MCP gives the model a standardized interface for discovering and invoking external tools. Instead of pretending to be a database of package metadata, the model becomes an orchestrator that reasons over live data.

The NuGet MCP server exposes structured tools that the model can invoke:

  • mcp_nuget_get-latest-package-version: Query NuGet.org for the current latest version
  • mcp_nuget_get-package-readme: Fetch the current README documentation
  • mcp_nuget_get-nuget-solver: Analyze dependency constraints and version compatibility
  • mcp_nuget_update-package-to-version: Execute safe package updates with verification

This creates a clean separation of concerns:

  • The model handles intent, planning, and orchestration.
  • The MCP server handles retrieval of volatile, time-sensitive facts.

Teaching the Model with a “Skill”

To make this repeatable, you can define a skill. A skill is a declarative markdown file that teaches the model which tools are available, when to use them, and how to sequence them.
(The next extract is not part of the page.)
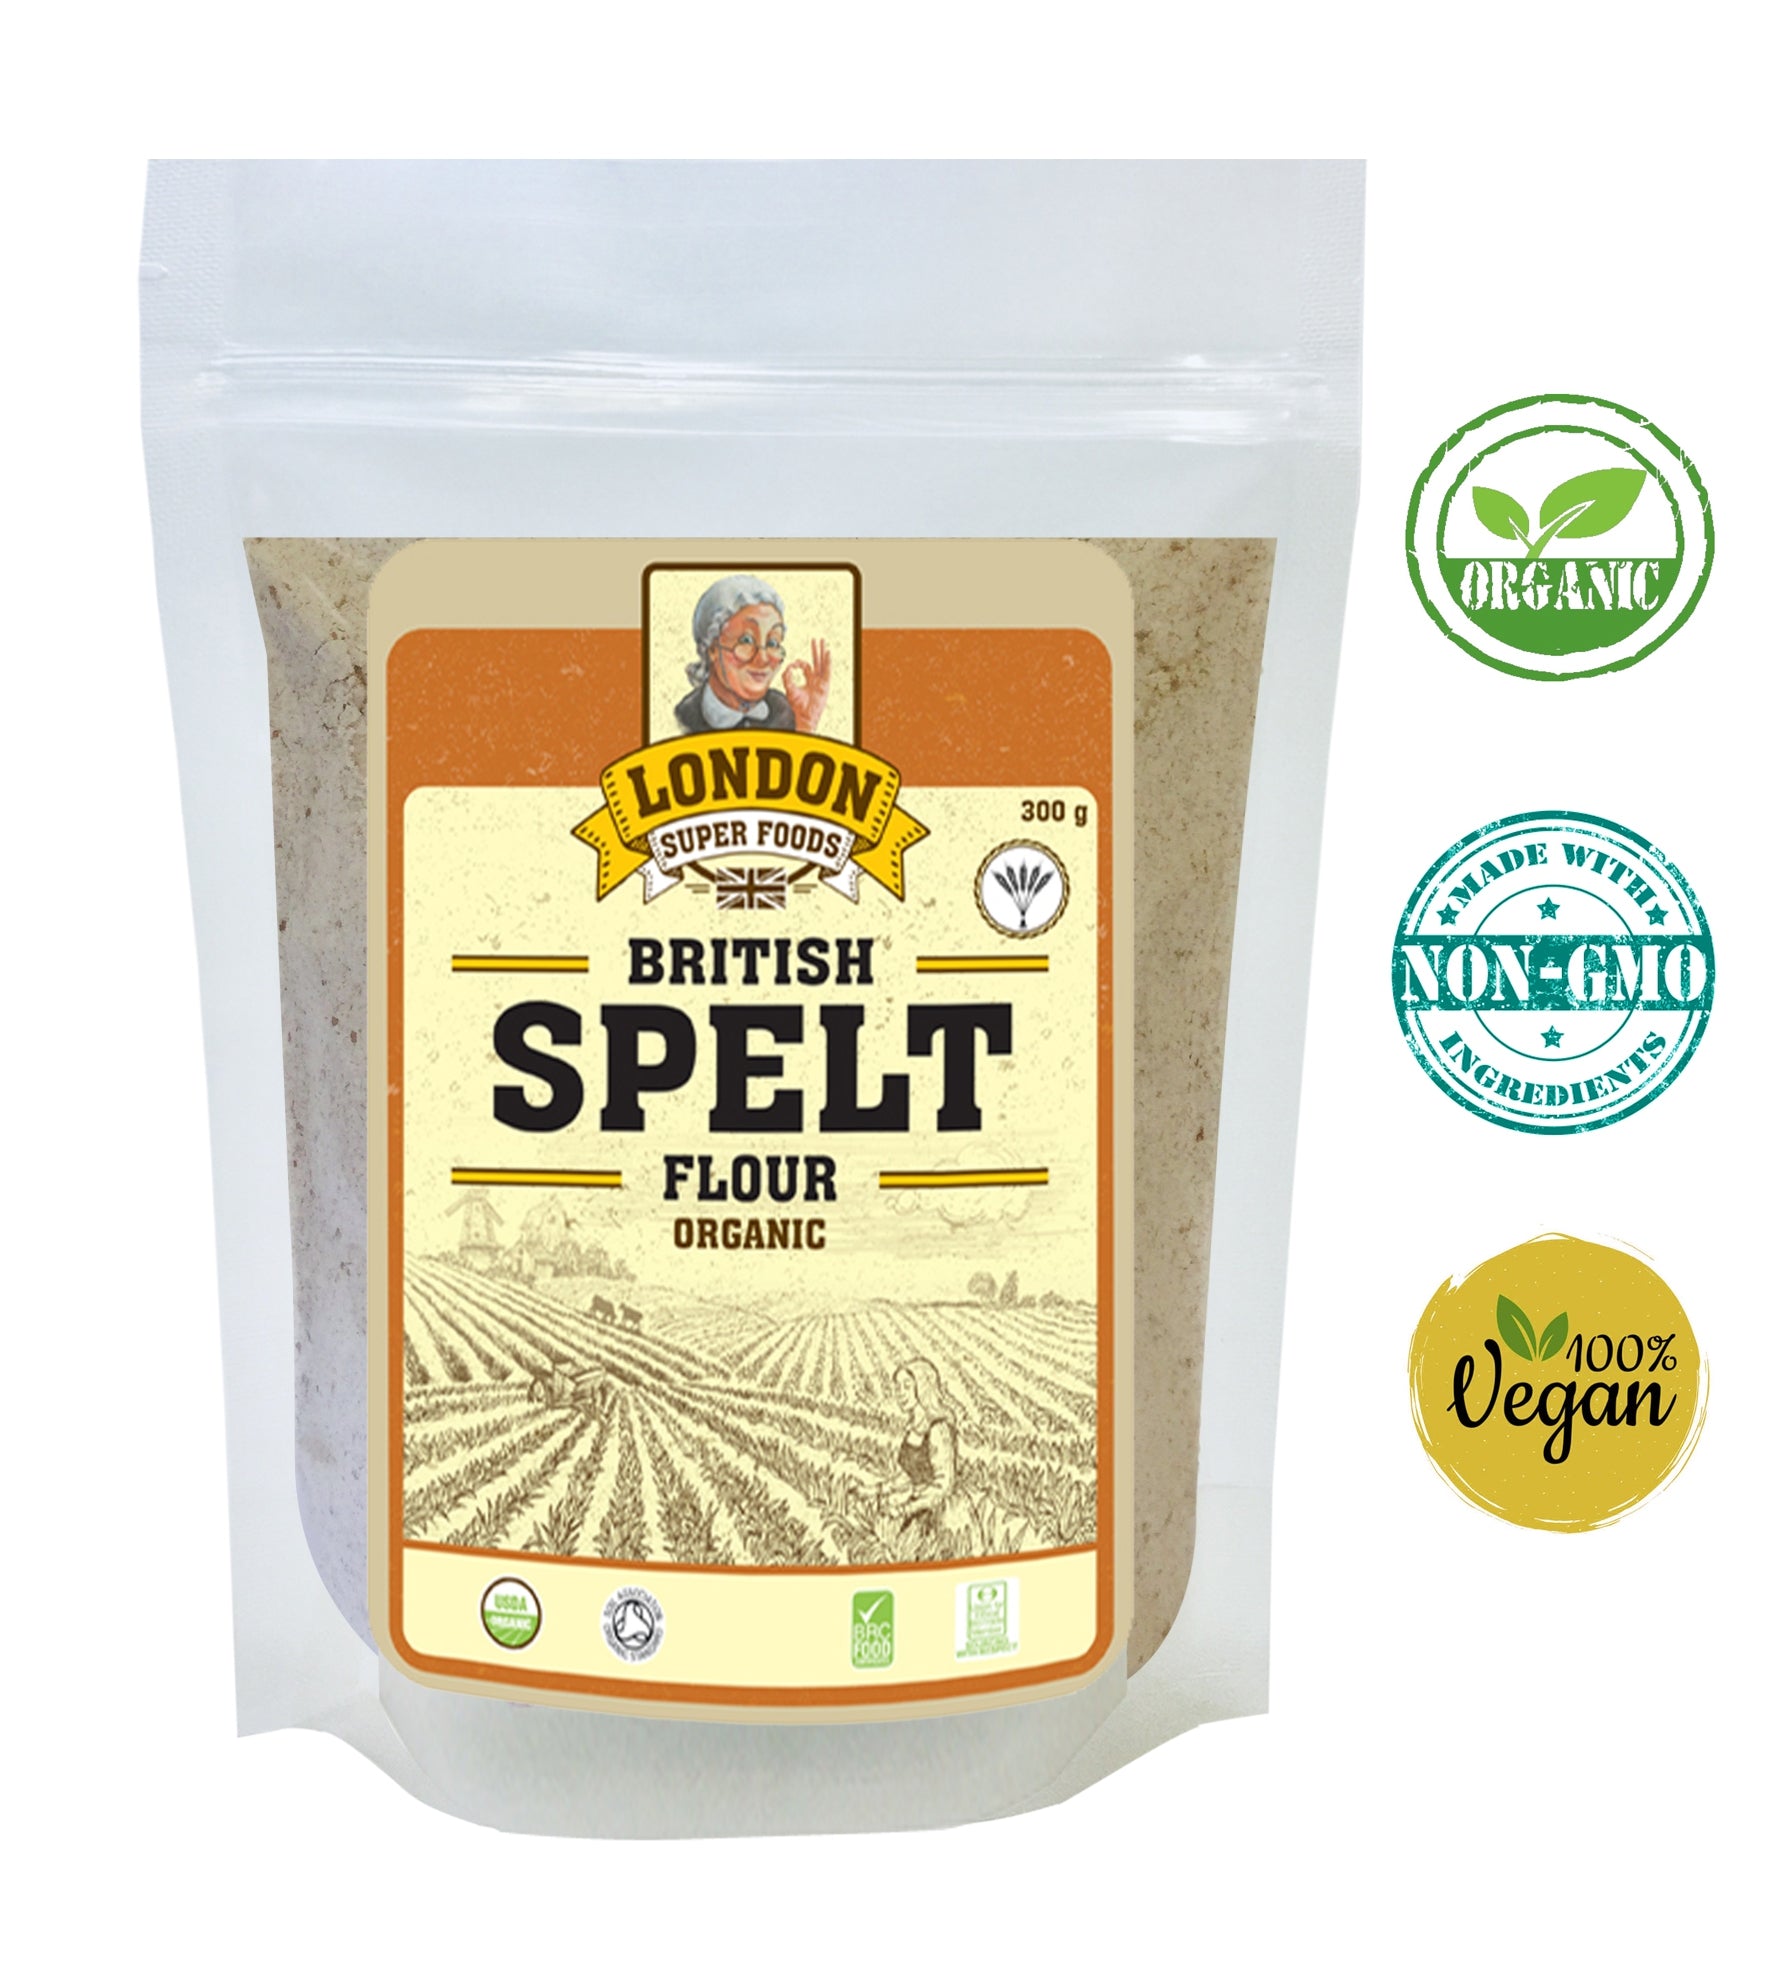 LONDON SUPER FOODS Organic British Spelt Flour, 300g

For the NuGet scenario, I am using the following nuget-package-implementation skill, which teaches the model to fetch package information at runtime instead of relying on stale training recall.

---
name: nuget-package-implementation
description: Describes how to get usage instructions for adding or implementing a NuGet
  package in a project, including viewing best practices and examples from the
  package's README file. Use this skill when you need to understand how to use a
  NuGet package effectively in your projects.
allowed-tools: mcp_nuget_get-package-readme, mcp_nuget_get-latest-package-version
---

# NuGet package implementation
This skill provides guidance on how to retrieve and utilize information about a
NuGet package, including accessing its README file for documentation and usage
instructions.

## Available MCP Tools
| Tool | Purpose |
|------|---------|
| `mcp_nuget_get-package-readme` | Retrieves the README.md file of a specified NuGet package |
| `mcp_nuget_get-latest-package-version` | Fetches the latest version of a specified NuGet package |

## When to use this skill
Use this skill when you need to:
- Understand the purpose and functionality of a NuGet package
- Access the README file for detailed documentation
- Learn how to implement and use the package in your projects
- Explore examples and best practices provided in the package documentation
- Get insights into package features, installation instructions, and usage guidelines

## Core rules
1. Always verify the package name and version before retrieving information.
2. Read the best practices and usage instructions provided in the README file.
3. Ensure compatibility of the package with your project requirements.
4. Implement the package according to the guidelines specified in the documentation.

## Workflows

### Retrieving package guidelines
- Use the `mcp_nuget_get-latest-package-version` tool to find the latest version of
  the NuGet package you are interested in.
- Use the `mcp_nuget_get-package-readme` tool to fetch the README.md file of the NuGet package.
- Review the README.md file to understand the package's purpose, installation
  instructions, usage examples, and any other relevant information.

Wrapping up

Back to the Serilog example: the outcome is fundamentally different. Instead of confidently returning an outdated guess, the model queries the NuGet MCP server for the current version, checks the README for current guidance, and proposes an implementation based on today’s reality.

This is not a one-time migration. It is an architectural decision: move volatile facts out of model memory and into live, verifiable tool calls.

Over time, some of that knowledge may become stable enough to absorb into training. But for package ecosystems, reality changes too quickly for static recall to stay trustworthy.

That is exactly why package management is such a strong proving ground for MCP. It exposes the limits of pure recall and demonstrates a more reliable pattern:

  • Keep the model focused on intent and reasoning.
  • Delegate volatile facts to live systems.